What finally killed off arcades is that home systems nowadays have graphics so good that they can easily match any arcade system. So the only games that can do well in arcades are ones where there's enough hardware that a home version can't imitate the experience even by copying the graphics. This means, basically, driving games (or anything where you get in a cockpit, which I assume that Afterburner game is) and big light gun games. And any games which provide prizes (i.e. casino games). And to some degree, DDR. There's no reason for an arcade to have a scrolling shooter or a one on one fighter when anyone can own a Playstation 2.

What really puzzles me is why pinball has died. By the same reasoning, pinball should be doing well too.
 
arromdee said:
What finally killed off arcades is that home systems nowadays have graphics so good that they can easily match any arcade system. So the only games that can do well in arcades are ones where there's enough hardware that a home version can't imitate the experience even by copying the graphics. This means, basically, driving games (or anything where you get in a cockpit, which I assume that Afterburner game is) and big light gun games. And any games which provide prizes (i.e. casino games). And to some degree, DDR. There's no reason for an arcade to have a scrolling shooter or a one on one fighter when anyone can own a Playstation 2.

What really puzzles me is why pinball has died. By the same reasoning, pinball should be doing well too.

I think perhaps your cause and effect are a little mixed up. Back in the old days, arcade hardware used top-of-the-line technology. These days, the specs of arcade PCBs are laughably weak. It seems to me that this issue was forced by the decline in arcade's popularity, not the other way around.

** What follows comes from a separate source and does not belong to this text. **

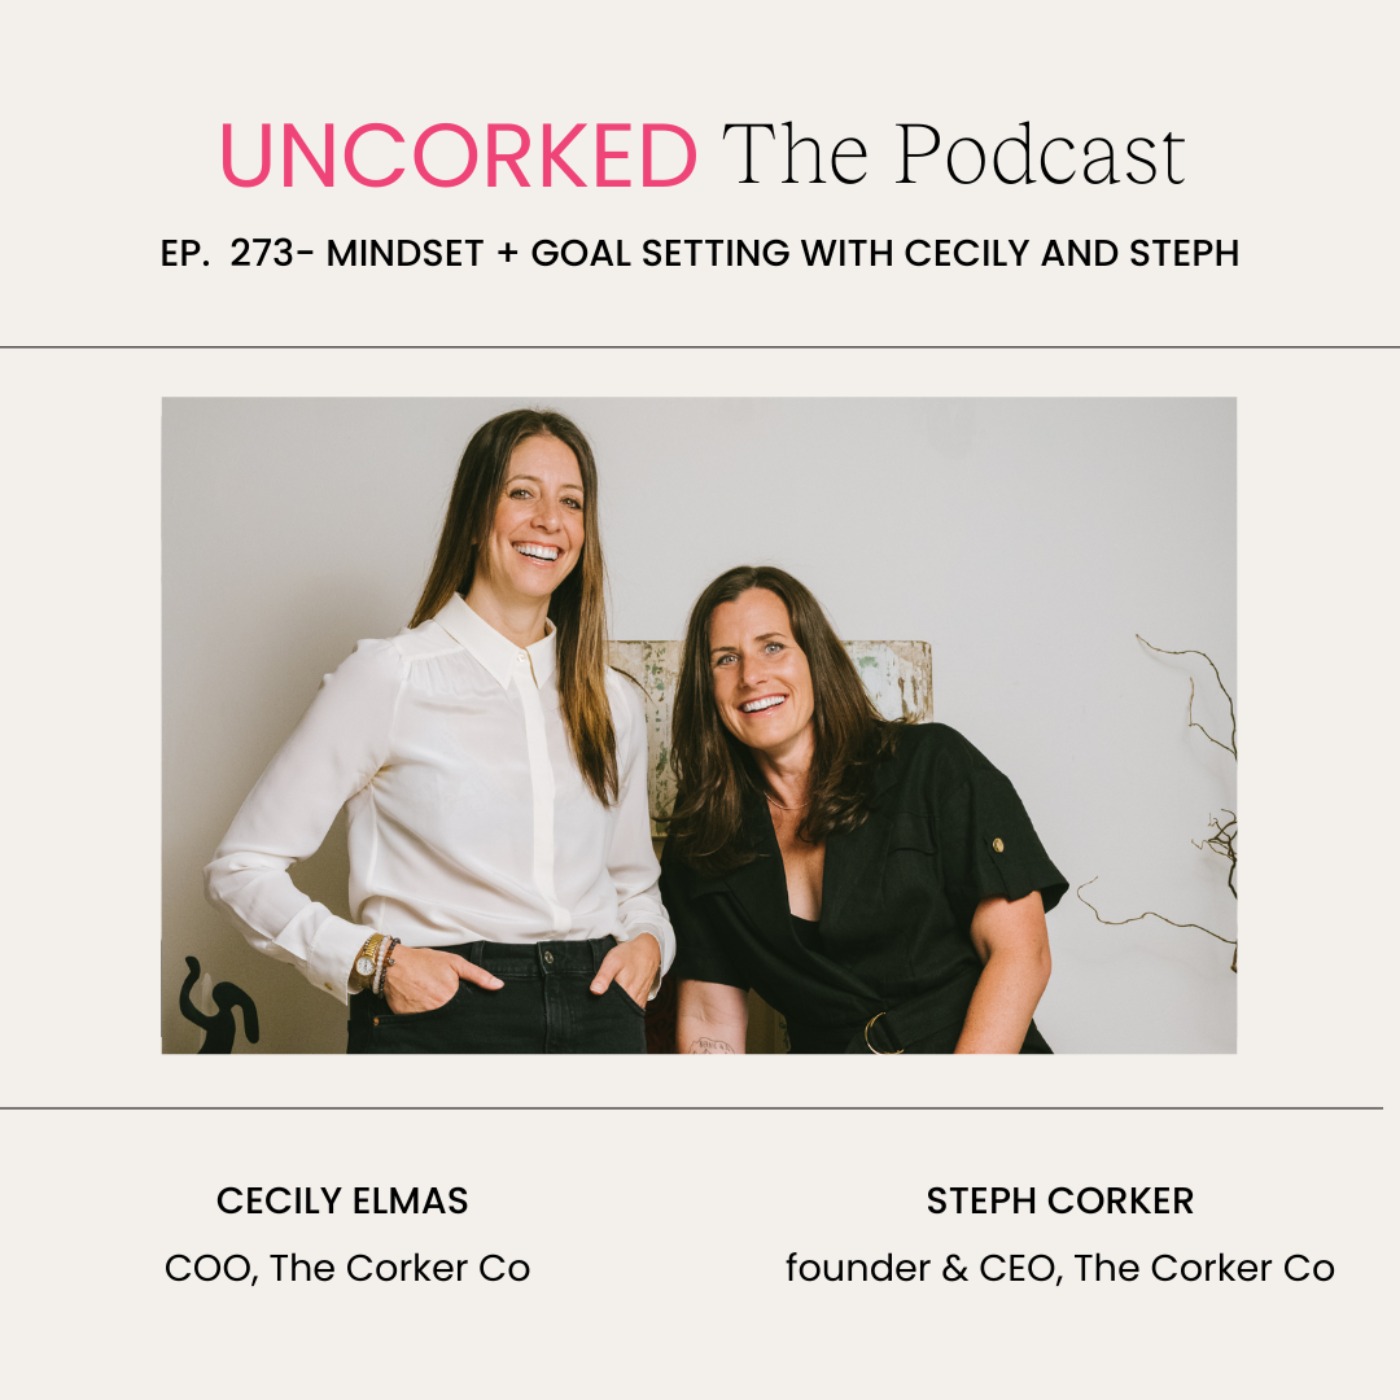 Mindset + Goal Setting with Cecily and Steph

I mean, if they wanted to, they could make an arcade board with the best technology - stuffing in as much RAM and as many processors in as they thought they could use - and write a custom game program for it that would knock our socks off. The only trouble is that their chances of making money on such a thing would be slim to none. There just aren't enough people going to arcades at all anymore, anywhere in the world.

Just the other day, I finally got in the mail the PS2 port of the arcade game ESPGaluda. I have to say, for a game of this caliber to have stood less than a snowball's chance in hell of being published in the US indicates not only a sick industry, but incredibly poor taste of gamers here as well.